- **Problem**: Could you restate word for word every line of the records below, from the first one to the one holding "Китайский Черный чай"?

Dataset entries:
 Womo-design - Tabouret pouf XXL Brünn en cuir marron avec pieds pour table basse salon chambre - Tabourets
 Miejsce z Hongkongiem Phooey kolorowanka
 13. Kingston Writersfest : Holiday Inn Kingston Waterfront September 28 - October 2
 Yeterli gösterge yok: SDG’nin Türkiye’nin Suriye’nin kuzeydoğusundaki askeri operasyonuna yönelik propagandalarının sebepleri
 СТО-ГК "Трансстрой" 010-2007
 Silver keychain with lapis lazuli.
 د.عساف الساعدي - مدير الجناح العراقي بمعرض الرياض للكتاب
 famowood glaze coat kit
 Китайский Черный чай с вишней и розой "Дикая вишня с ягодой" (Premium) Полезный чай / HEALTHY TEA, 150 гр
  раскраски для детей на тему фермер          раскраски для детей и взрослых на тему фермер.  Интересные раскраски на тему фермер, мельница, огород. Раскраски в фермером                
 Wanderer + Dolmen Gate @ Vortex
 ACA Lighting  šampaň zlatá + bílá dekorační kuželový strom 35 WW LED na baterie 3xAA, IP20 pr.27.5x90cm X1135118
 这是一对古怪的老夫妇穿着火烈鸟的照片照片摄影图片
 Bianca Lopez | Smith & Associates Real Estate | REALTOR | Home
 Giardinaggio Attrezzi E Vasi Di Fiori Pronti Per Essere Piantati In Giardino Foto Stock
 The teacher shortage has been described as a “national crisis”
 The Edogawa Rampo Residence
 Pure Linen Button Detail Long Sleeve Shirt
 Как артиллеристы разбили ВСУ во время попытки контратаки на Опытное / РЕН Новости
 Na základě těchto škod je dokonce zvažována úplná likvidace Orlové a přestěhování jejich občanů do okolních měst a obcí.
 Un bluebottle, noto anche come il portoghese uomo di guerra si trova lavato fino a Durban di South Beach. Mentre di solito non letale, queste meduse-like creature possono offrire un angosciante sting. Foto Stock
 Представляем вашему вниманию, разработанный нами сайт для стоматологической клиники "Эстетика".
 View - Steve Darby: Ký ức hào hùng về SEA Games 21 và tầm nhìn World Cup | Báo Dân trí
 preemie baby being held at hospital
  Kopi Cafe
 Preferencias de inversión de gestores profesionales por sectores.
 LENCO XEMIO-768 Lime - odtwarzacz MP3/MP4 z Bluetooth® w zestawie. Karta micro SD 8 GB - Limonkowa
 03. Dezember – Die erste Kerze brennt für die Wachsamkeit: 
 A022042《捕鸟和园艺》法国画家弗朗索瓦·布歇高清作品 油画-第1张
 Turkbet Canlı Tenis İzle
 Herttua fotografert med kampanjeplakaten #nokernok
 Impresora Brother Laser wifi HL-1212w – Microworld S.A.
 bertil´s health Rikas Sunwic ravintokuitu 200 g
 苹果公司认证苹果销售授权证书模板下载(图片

- **Answer area**:
 Womo-design - Tabouret pouf XXL Brünn en cuir marron avec pieds pour table basse salon chambre - Tabourets
 Miejsce z Hongkongiem Phooey kolorowanka
 13. Kingston Writersfest : Holiday Inn Kingston Waterfront September 28 - October 2
 Yeterli gösterge yok: SDG’nin Türkiye’nin Suriye’nin kuzeydoğusundaki askeri operasyonuna yönelik propagandalarının sebepleri
 СТО-ГК "Трансстрой" 010-2007
 Silver keychain with lapis lazuli.
 د.عساف الساعدي - مدير الجناح العراقي بمعرض الرياض للكتاب
 famowood glaze coat kit
 Китайский Черный чай с вишней и розой "Дикая вишня с ягодой" (Premium) Полезный чай / HEALTHY TEA, 150 гр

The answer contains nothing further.